I think that a little high.
From what I’ve heard, some photographers offer it for less. Are you sure you asked Google, rather than a specific photographer? Photographers set their own rates.
Of course, it’s up to you whether the benefits are worth it.
Scott Witte says
That is strange. You have a B&B and as such no Google Photographer can approach you. It would be bizarre if Google did. Among hospitality businesses only a few major hotel chains are able to get Business View tours currently. I do Business View tours as well as custom tours. For you a custom tour would be far more effective. And if you want to see significant organic search ranking improvement a custom tour will definitely do that, which will improve local results as well. But the tour won’t appear in Google search and maps.
Google does plan to make Business View available throughout the hospitality industry again. They just won’t tell us when or how.
Scott Witte says
Quick update: As of September 2015 Google photographers are allowed to shoot lodging businesses, included B&Bs.
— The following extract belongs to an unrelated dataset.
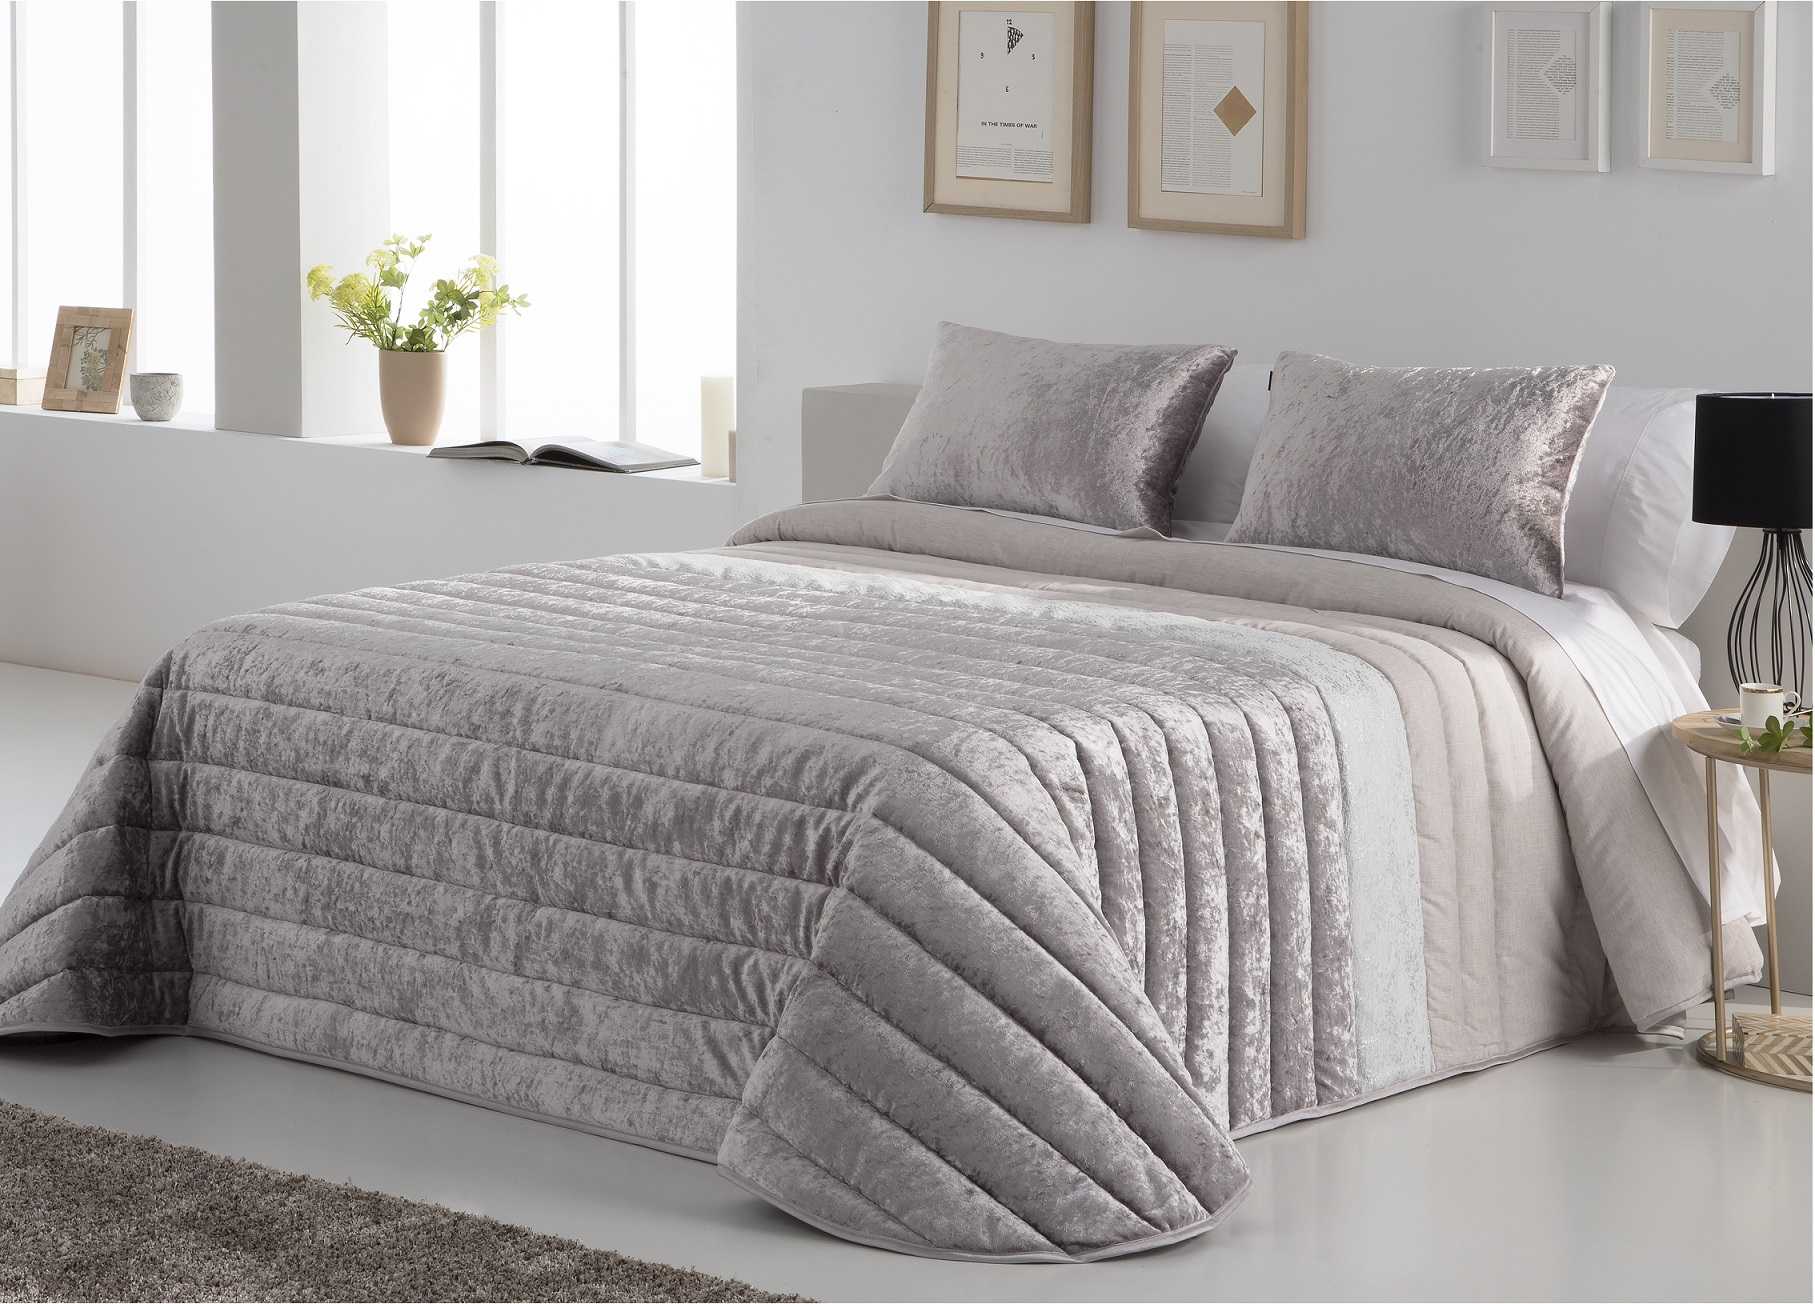 Не покупайте покрывало на кровать не узнав этого! 4 важнейших правила, которые обязательно нужно соблюдать при выборе текстиля в спальню!

This was a great help! I just requested to receive a quote for the Google Business View photo shoot, but needed some justification as to why it would be worth it for our practice. Like you said, if nothing else, you get professional photos that can be used in other applications. Thanks for the write up!
John Varnedore says
Our agency has been in 360 degree tour marketing since 2006 and added Google Street View Trusted Photographer to the mix 2.5 years ago. The program changed names from Business View in the last 6 months.
I think one avenue that most are missing is this is a medium if used correctly can extend the reach of almost all other advertising.
1. Add either a QR code in your PRINT ads to take people directly to the tour or alternatively embed the tour on it’s own page and use a call to action on the print ad to view the tour.
2. Use mobile marketing as well…this looks fantastic on a smartphone or tablet. Use simple keyword with response being the tour link…works great
There are many more and the best part..only a one time cost with no monthly recurring. Of course, we add extra value by converting the images to a 360 degree video for youtube and facebook as well.
360 VR Marketing is here and cannot be ignored…Google Street View is an important part and should not be ignored.
Andy Larder says
Thanks for sharing on this thread. I live in the UK and am only looking to get started in this area now.
I would be interested in finding out more if you are happy to chat sometime?
Brad Gamson says
As we all know now, the program has changed dramatically. I am in the San Diego area and still doing great. This is a great program with many great benefits. My hope is that one day Google brings back the
“see inside”. This was an awesome selling point. I have figured out ways around it so it has not been
a problem. I focus on luxury apartment complexes and have done quite well with them. I think there is a real need for a Google tour in this industry. Thanks for the read!